**Recorded information:**
=======

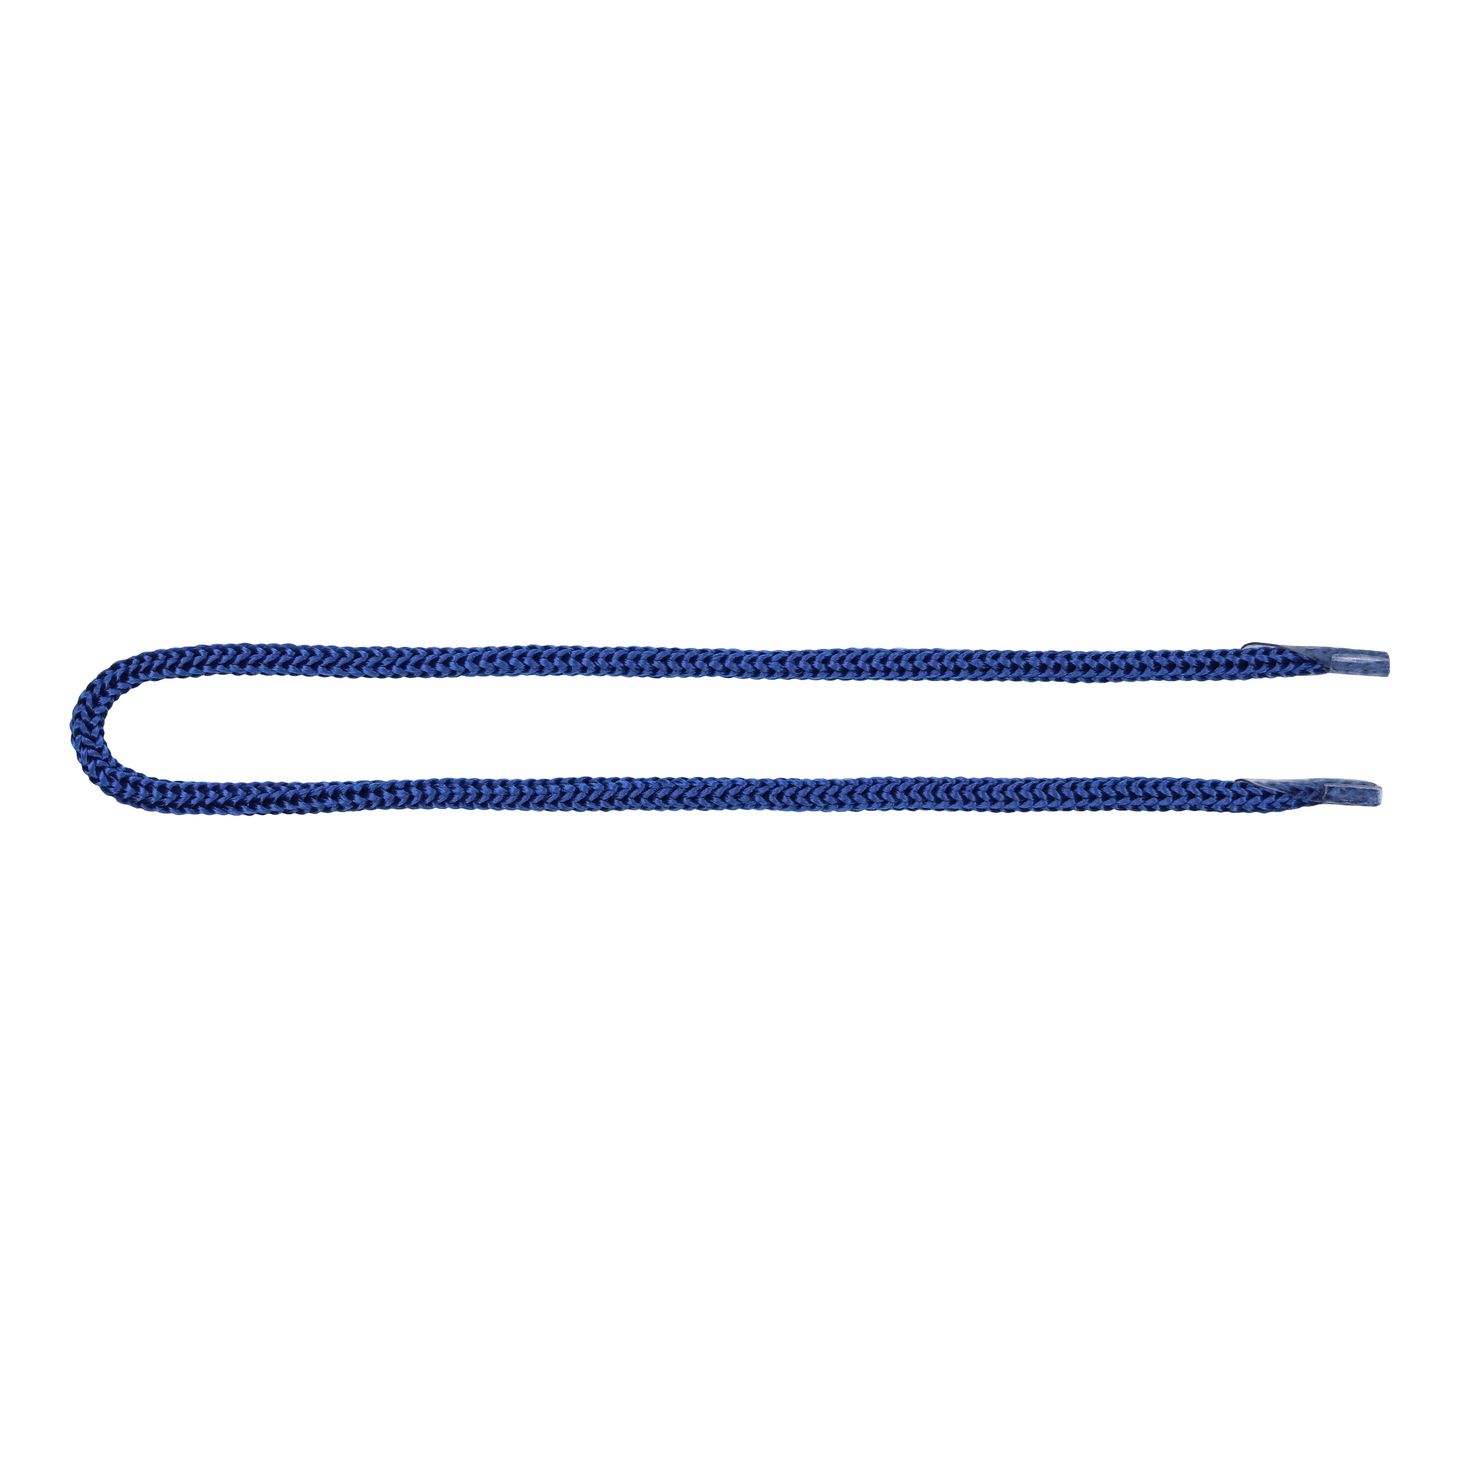 Шнурок для пакетов с крючком арт. 5В511 п/п, диам. 5 мм, дл. 35 см, № 180 ДС синий (уп. 50 пар)
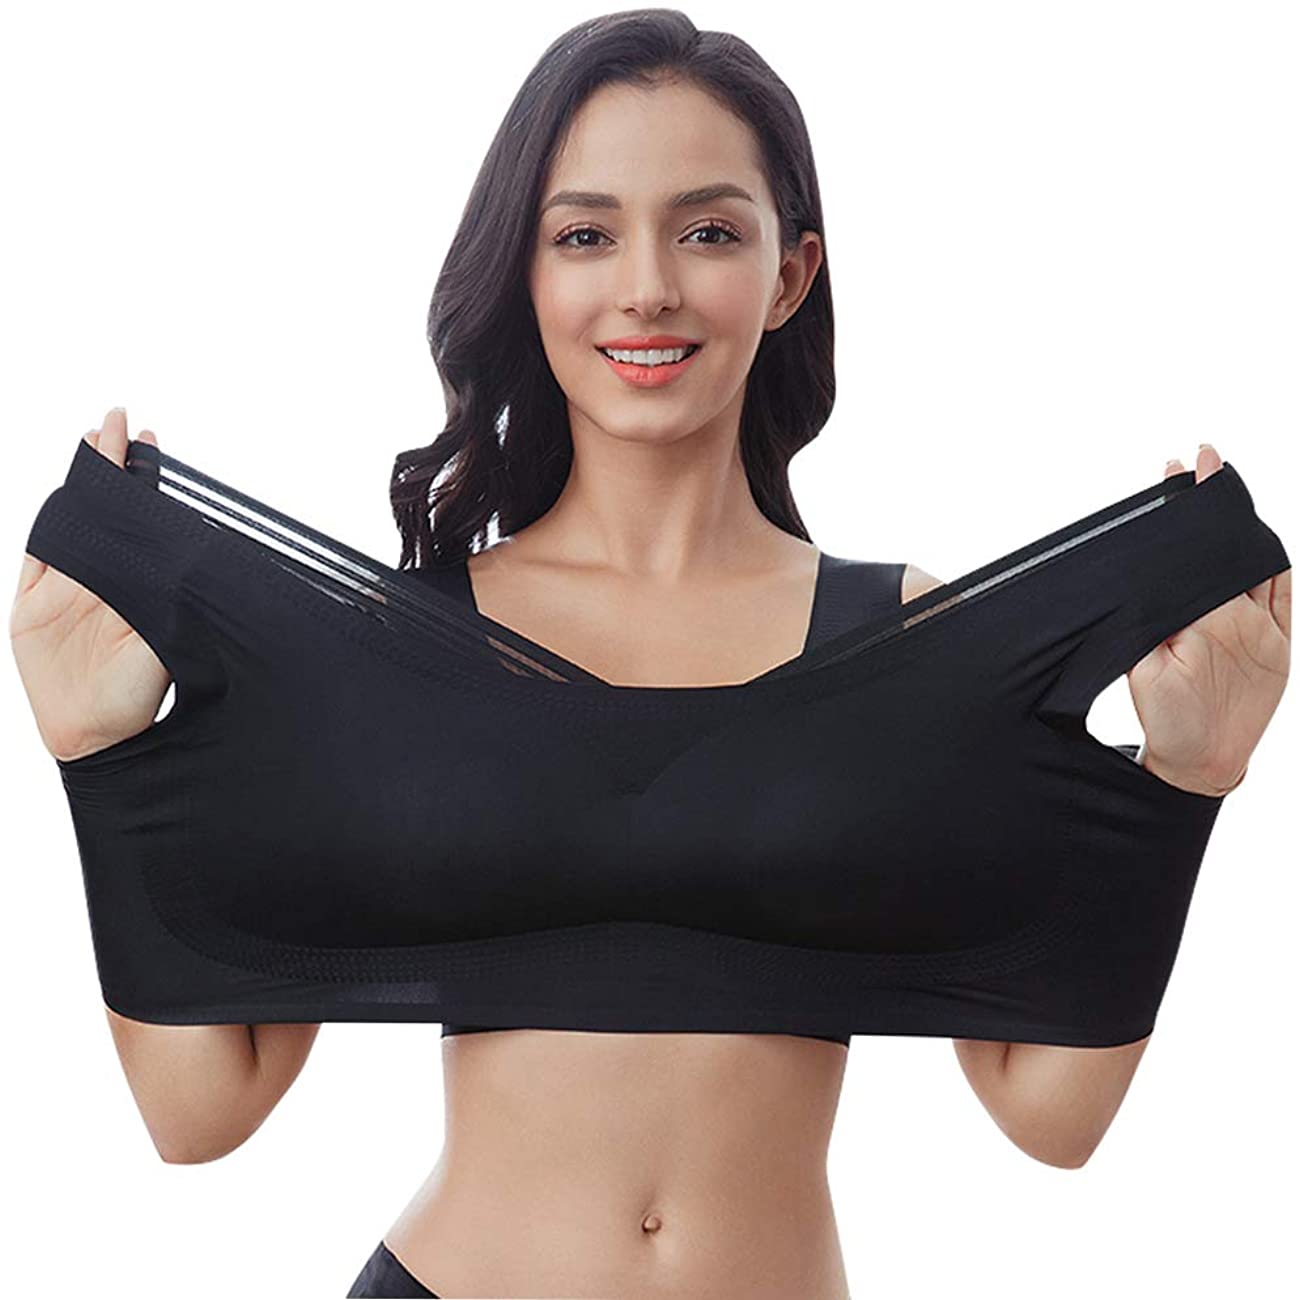 FEOYA Women's Wireless Bras Soft Padded Everyday Bra with
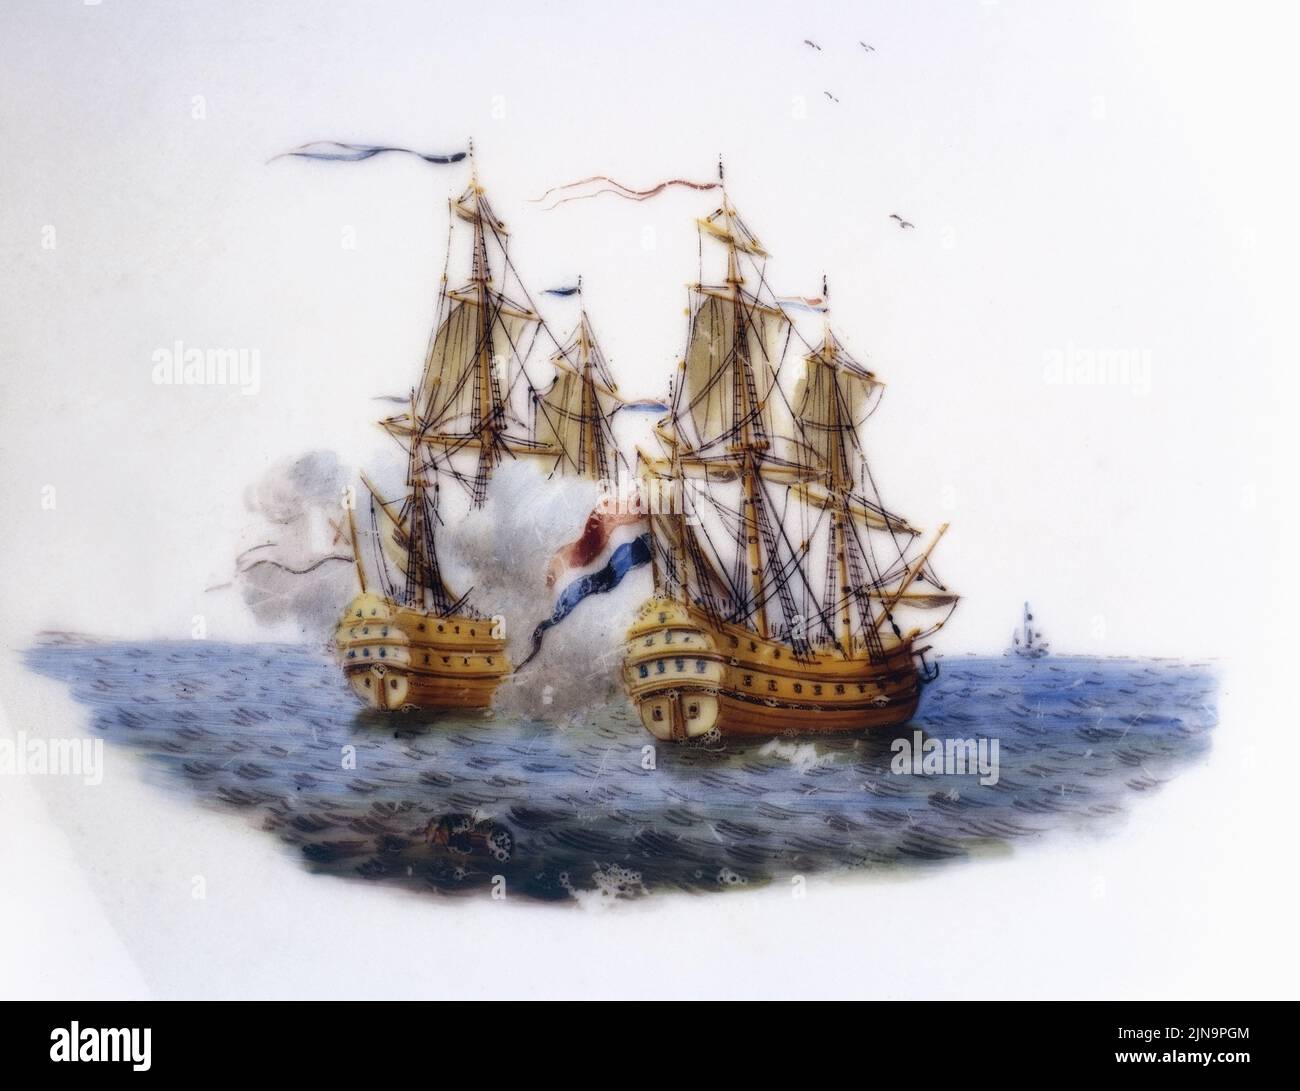 Bruxelles, Belgio - 09 agosto 2022: Motivo centrale di una pentola di porcellana Tournai decorata con una scena di combattimento navale Foto Stock

=======

**Task statement:** Return each line above word for word. Skip the pictures.

**Task solution:**
 Шнурок для пакетов с крючком арт. 5В511 п/п, диам. 5 мм, дл. 35 см, № 180 ДС синий (уп. 50 пар)
 FEOYA Women's Wireless Bras Soft Padded Everyday Bra with
 Bruxelles, Belgio - 09 agosto 2022: Motivo centrale di una pentola di porcellana Tournai decorata con una scena di combattimento navale Foto Stock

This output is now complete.